96 ff. und Zweiter Gesang
Athene fliegt über Meere und Berge nach Ithaka und wartet in der Maske eines Sterblichen am Tor des Palastes, schaut dem Treiben der Freier Penelopes zu.
Ein einziger nur sitzt traurig dabei, mit bekümmerter Miene und schämt sich sehr, daß der Gastfreund so lange am Tore verweilt. Eilig springt er herbei, und die Göttin begrüßt ihn freundlich; denn sie hat schon lange erkannt, daß es Telemach ist, der Sohn des Odysseus. Mit finsterer Miene deutet er auf die Freier: „Fremdling, beachte sie nicht. Sie singen und spielen und verprassen die Güter des Mannes, der irgendwo in der Weite der Welt, auf dem Grunde des Meeres oder den Klippen eines Gestades liegt: Regen und Wellen netzen seine Gebeine, und die Sonne dörrt seine Knochen. Doch käme er einmal zurück . . . dann wahrlich würden sich alle lieber hurtige Füße erflehen als Kleider und Gold."
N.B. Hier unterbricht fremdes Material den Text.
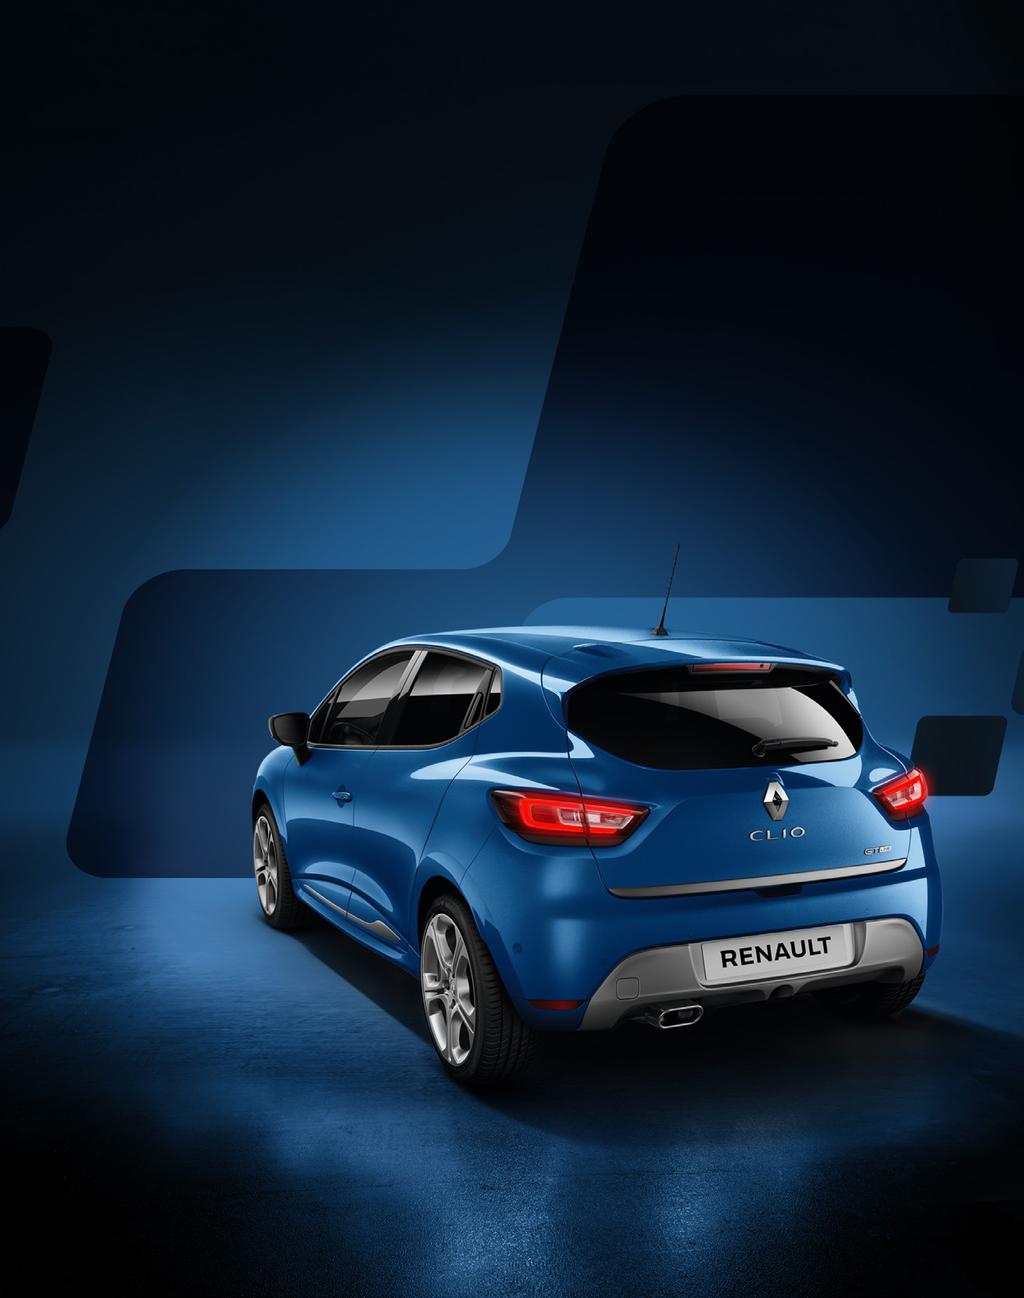 Pleasure without limits The Renault Clio GT-LINE is available with the new 1.2L, four-cylinder 88kW Turbo engine.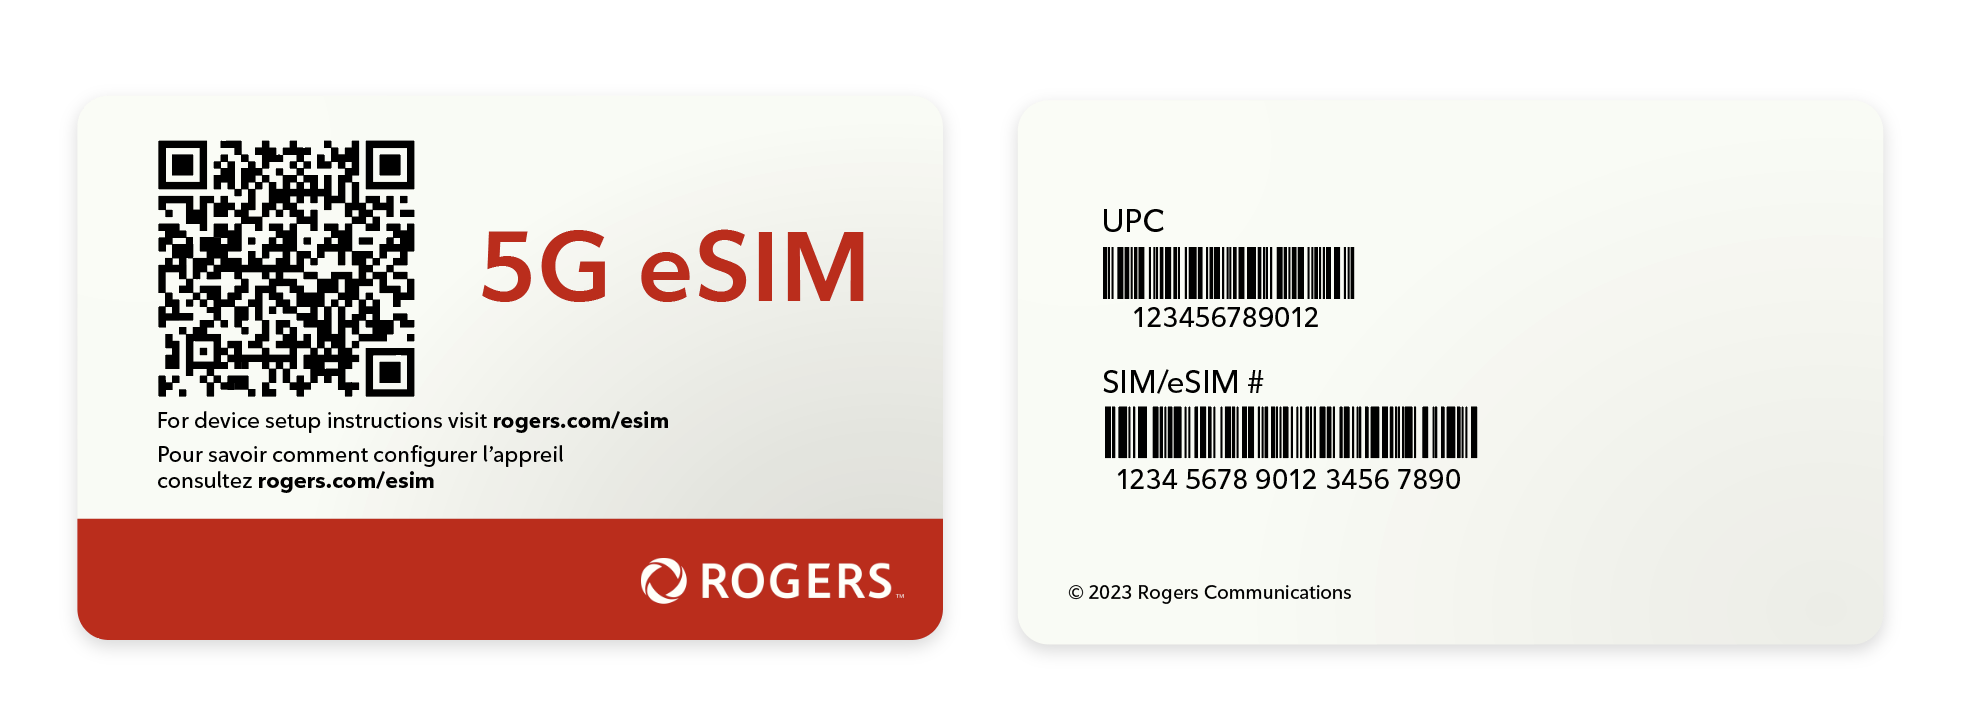 eSIM Voucher- Front and Back

Athene fährt mit der Hand sanft durch sein Haar und erzählt: „Ich heiße Mentes, bin König im Taphierland. Die Himmlischen senden mich zu dir, um dich zu trösten. Denn noch lebt Odysseus, und es wird nicht lange mehr währen, bis er heimkehrt ins Land seiner Väter. Du aber mache dich auf und suche ihn allüberall, bei Nestor in Pylos und bei Menelaos zu Sparta. Die Zeit deiner Kindheit ist nun vorüber, du bist ein Mann, Odysseus' Augen ruhen auf dir."

So senkt Athene Mut in Telemachs Seele, erweckt des Vaters Gedächtnis in ihm und fliegt wie ein Vogel zum Himmel zurück.
Da ahnt der Sohn den Beistand der Göttin - auch Penelope spürt es staunend: als der Sänger unten im Hause die Geschichten von Troja erzählt und sie, von Sehnsucht ergriffen, zu weinen beginnt, bittet der Sohn, nicht zu klagen, sondern schickt sie zurück in die Kammer, um dort mit den Mägden zu spinnen: das hat er noch niemals getan. Telemach aber liegt die ganze Nacht schlaflos und bedenkt die Worte der Göttin. Am anderen Morgen ruft er das Volk zur Versammlung, Athene umgibt seine Schultern mit leuchtendem Glanz. Klagend beschreibt der Sohn des Odysseus die Freveltaten der Freier, die eigene Ohnmacht und das elende Los seines Vaters. Mit Tränen im Auge wirft er sein Szepter zur Erde; Mitleid erfaßt das Volk, die Freier schweigen verstört. Endlich ermannt sich einer der Fürsten - Antinoos - und murrt: „Längst schon wären wir Freier von dannen gezogen, hätte uns nicht Penelope mit trugreichen Ränken vertröstet. Drei Jahre schon macht sie uns Hoffnung, zieht einmal diesen, einmal jenen vor und behauptet, sie könne nicht eher sich binden, bis das Gewand vollendet sei, das Leichentuch für Laertes.

Seit vierzig Monden webt sie an diesem Gewand: tags schreitet sie rüstig voran, doch nachts macht sie alles zunichte und trennt das Gewebe auf. Eine Magd hat es uns verraten. Schilt also nicht uns, Telemach, sondern die Mutter. Odysseus ist tot, sie möge sich endlich entscheiden."
Telemach lobt Penelopes List und bittet Zeus, ihm ein Zeichen zu senden. Da fliegen zwei Adler herbei mit gesträubtem Gefieder und krächzenden Stimmen; zornig zerreissen sie sich den Hals, stoßen mit schlagenden Flügeln zum Marktplatz hinab. „Wehe den Freiern!" schreit Halitherses, der Seher, „ganz in der Nähe wartet Odysseus und rüstet sich schon, den Frevlern Tod und Verderben zu bringen!"
Erschrocken verstummt die Menge, denn jeder erinnert sich: Halitherses hat vor langer Zeit geweissagt, Odysseus werde im 20. Jahr wieder nach Ithaka kommen. Doch die Freier heißen den Seher Lügner und Gaukler, beschimpfen den Sohn des Odysseus als Prahlhans und Narr. Telemach steigt zum Meer hinab und erfleht die Gnade Athenes. Da verkündet die Göttin dem tapferen Kind das Ende der Freier und geleitet es mit dem Schiff hinaus auf die Weite der See, den Vater zu suchen - wie in Dublin Stephen Dedalus Leopold Bloom.